After 2 weeks of culturing, a large number of callus derived from protoplasts, which had grown by breaking the beads, was obtained.

[0034]

INDUSTRIAL APPLICABILITY According to the present invention, it is possible to provide a method by which clonal cells can be easily produced from protoplasts without concern about the adverse effects of activated carbon.

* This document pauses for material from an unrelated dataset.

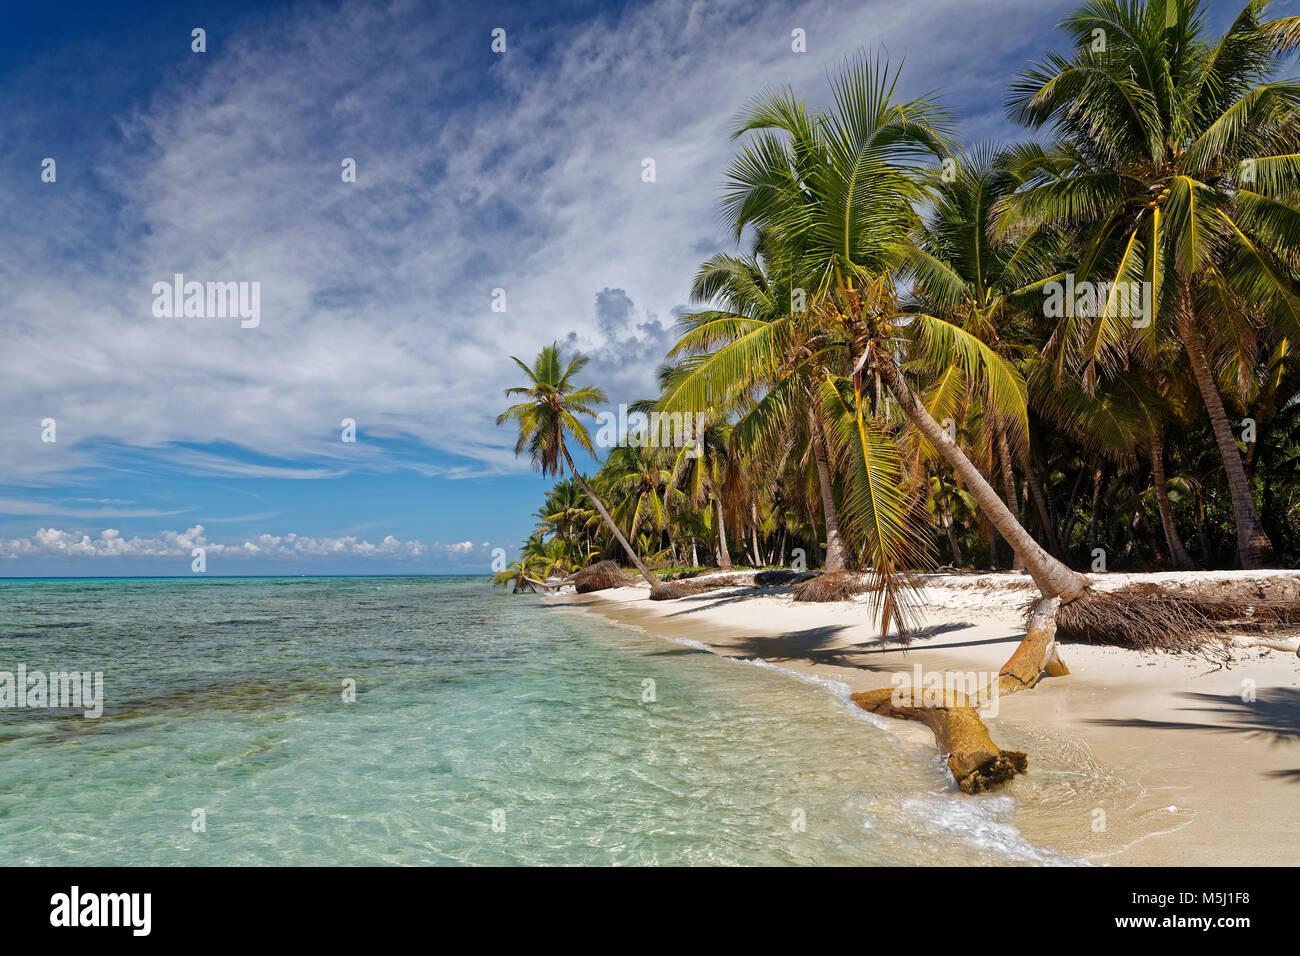 Karibik, Dominikanische Republik, Strand auf der karibischen Insel Isla Saona Stockbild

[Brief description of drawings]

FIG. 1 is a graph showing the relationship between the concentration of an aqueous solution of sodium alginate, the diameter of a dropping nozzle, and the diameter of calcium alginate beads formed.

[Explanation of symbols]

 1: Concentration of sodium alginate aqueous solution is 3% by weight 2: Concentration of sodium alginate aqueous solution is 1.5% by weight

 ─────────────────────────────────────────────────── ─── Continuation of the front page (72) Inventor Ken Sawazaki 48, Wadai, Tsukuba, Ibaraki Hitachi Chemical Co., Ltd. Tsukuba Development Laboratory

Claims (1)

[Claims] 1. A plant protoplast is entrapped and immobilized on calcium alginate beads having a uniform size (particle size) so that the number of protoplasts capable of dividing and proliferating is 1 or less per 1 bead. , On the other hand, the nurse cells are entrapped and immobilized in calcium alginate beads, which are larger than the above beads, so that they can be separated, and both are mixed and cultured.
After that, using the difference in the size of the beads to separate the two,
A method for producing a large number of clonal cells from protoplasts, which comprises culturing smaller beads.